The late afternoon was hot for mid-June, but Wilmer Fox sweat nary a bit. Cool as a cucumber, he was wearin a very chick white linen suit an sportin one a them big-deal Masonic rings a secret brotherhood. His freckled face was peelin with sunburn, an his moustache an his eyebrows an the hair on his head was red an wild as fire. He looked like someone returnin from some great adven­ture.

“How do you do,” he said. “I’m Wilmer Fox. I under­stand you have rooms to let.”

I looked over his shoulder at his car. He drove a new 1964 white Volkswagen an he was alone. I had hoped, acourse, to see Jessarose followin him up the steps, cuz folks said she was last sighted—well, maybe—with him, but he didn’t have her in tow the way Mizz Lulabelle lied he kept her parked in his baby blue Lincoln Continental the suppertime he dropped in on the Apples an made apple­sauce a their marriage.

“Come on in,” I said.

Mizz Lulabelle was gonna die!

“Are you the owner?” he asked.

“Don’t let these dirty jeans fool you,” I said. I was lookin an dressin sporty like Mizz Lee Remick wearin a sweat shirt in Wild River. “I may talk odd to some but I ain’t nobody’s maid.”

“Nice, nice!” He set his Samsonite down on the floor an cased the joint. “Nice place you have here.” He sur­veyed the room. “Nice wallpaper.”

“Whadda you mean by that?” I said, rememberin Mizz Lulabelle’s crack about my wallpaper, like maybe he was talkin in some smart alex code for club members only, an I didn’t know the countersign, an he was still in cahoots with her to put me in my place.

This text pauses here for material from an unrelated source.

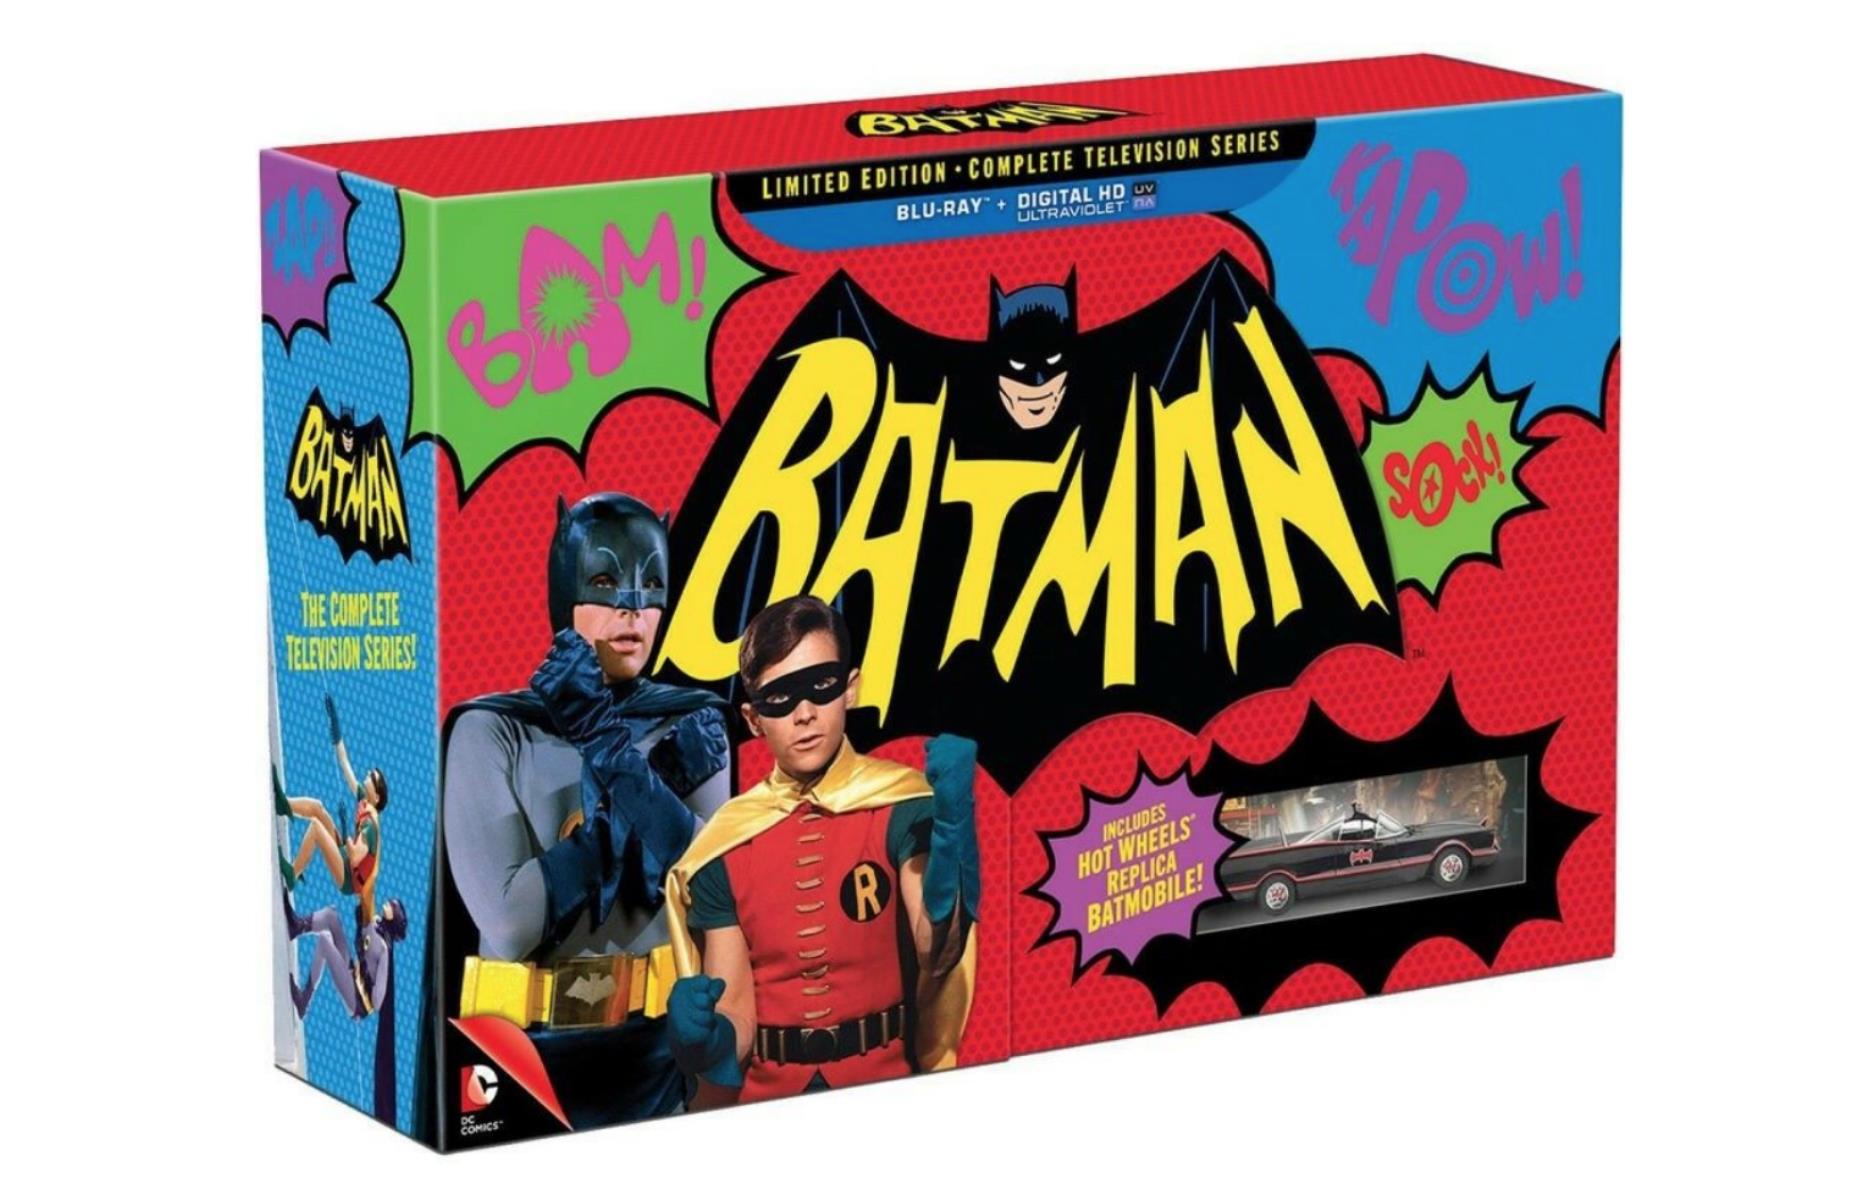 Batman: The Complete TV Series Blu-ray Box Set – up to $196 (£175)

“Nothing,” he said. “The place has a pleasant feel.” He signed the guest register an laid out a crisp fifty-dollar bill which was way more n enough. “May I have, madam, the pleasure of your name?”

Lah-dee-dah!

He stared at me, but real polite, like he wasn’t really starin so much as studyin me, sizin me up to see how maybe he’d play me for a hick.

“Whyn’t you take a picture?” I said. “It’ll last longer.”

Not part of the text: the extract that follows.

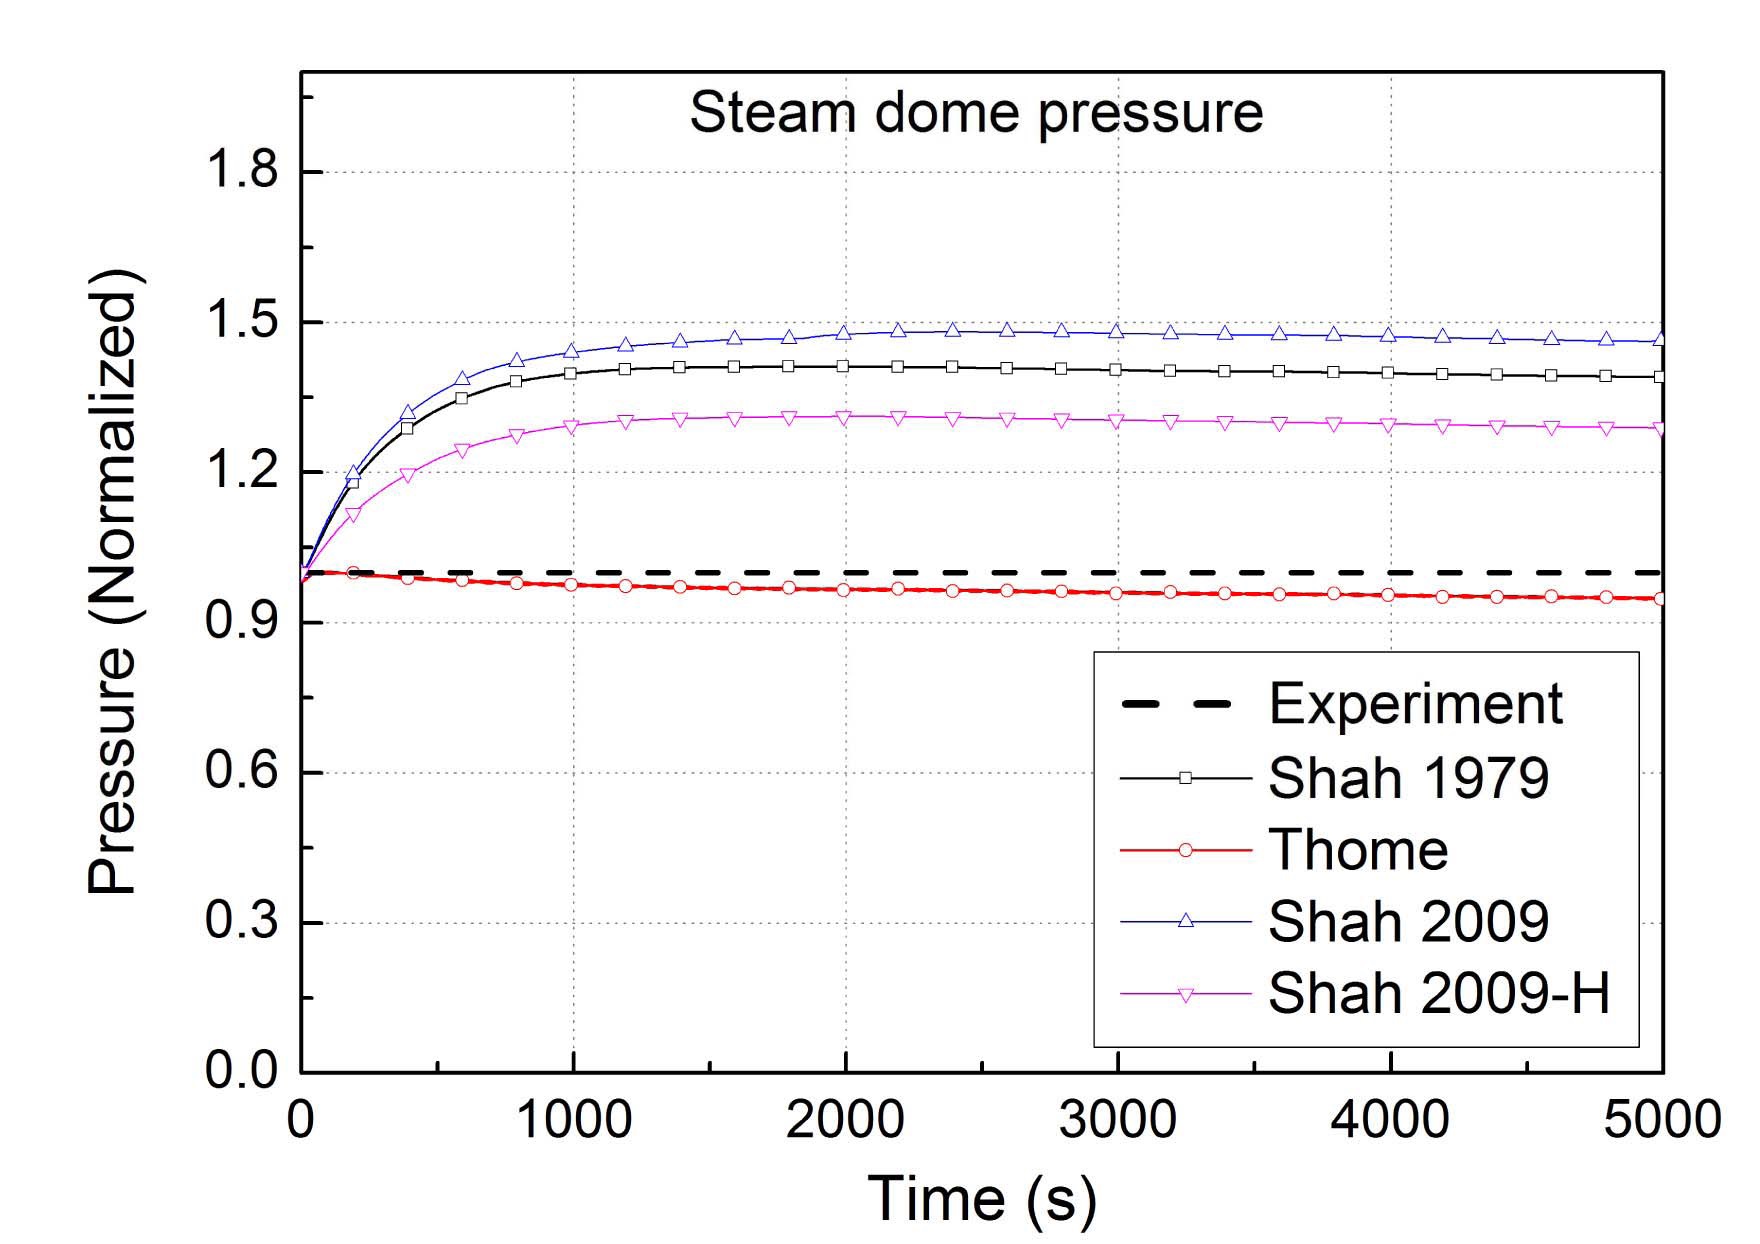 Transient of Pressure in the Steam Dome

“Excuse me,” he said, smilin white teeth shinin through the glow a his red-hair moustache.

Wilmer Fox had spit-shined his salesman version a sex appeal an was easy to like, maybe too easy, easier to like n to trust. He was attractive as the serpent in Eden, so no wonder Mizz Apple fell for him first bite an want­ed to eat herself outa house an home. But he was wastin his time tryin to make time with me who was a woman’s woman if ever there was one.

I brushed at my sweatshirt an finger-combed my hair that was cut short that summer into the kinda D-A Doris Day had on one a her thirty-three-an-a-third Columbia Record Club albums that I got for a penny, with eleven others, on a introductory offer, an then I found out I had to buy one long-play record a month for the rest a my life. “I ain’t no ill-repute madam, if that was your joke, but you can call me Sport.”

“Okay, Sport.”

I was enjoyin our sparrin, figgerin he didn’t know who I was, with me knowin plenty about him an all, or thinkin like some smart alex I did, cuz even not knowin him exactly, I knew his type.

“Does the room have a shower or a bath?”

“How about a room near the bath?”

“We share?” He said it like findin a hair in the tub was the end a the world or somethin.

“We?” I asked. “How many are you?” I heard that line from the TV late-show movies where I learned more n I ever learned in school.

He looked aroun like the charmin apple-sellin snake he was. “One,” he said.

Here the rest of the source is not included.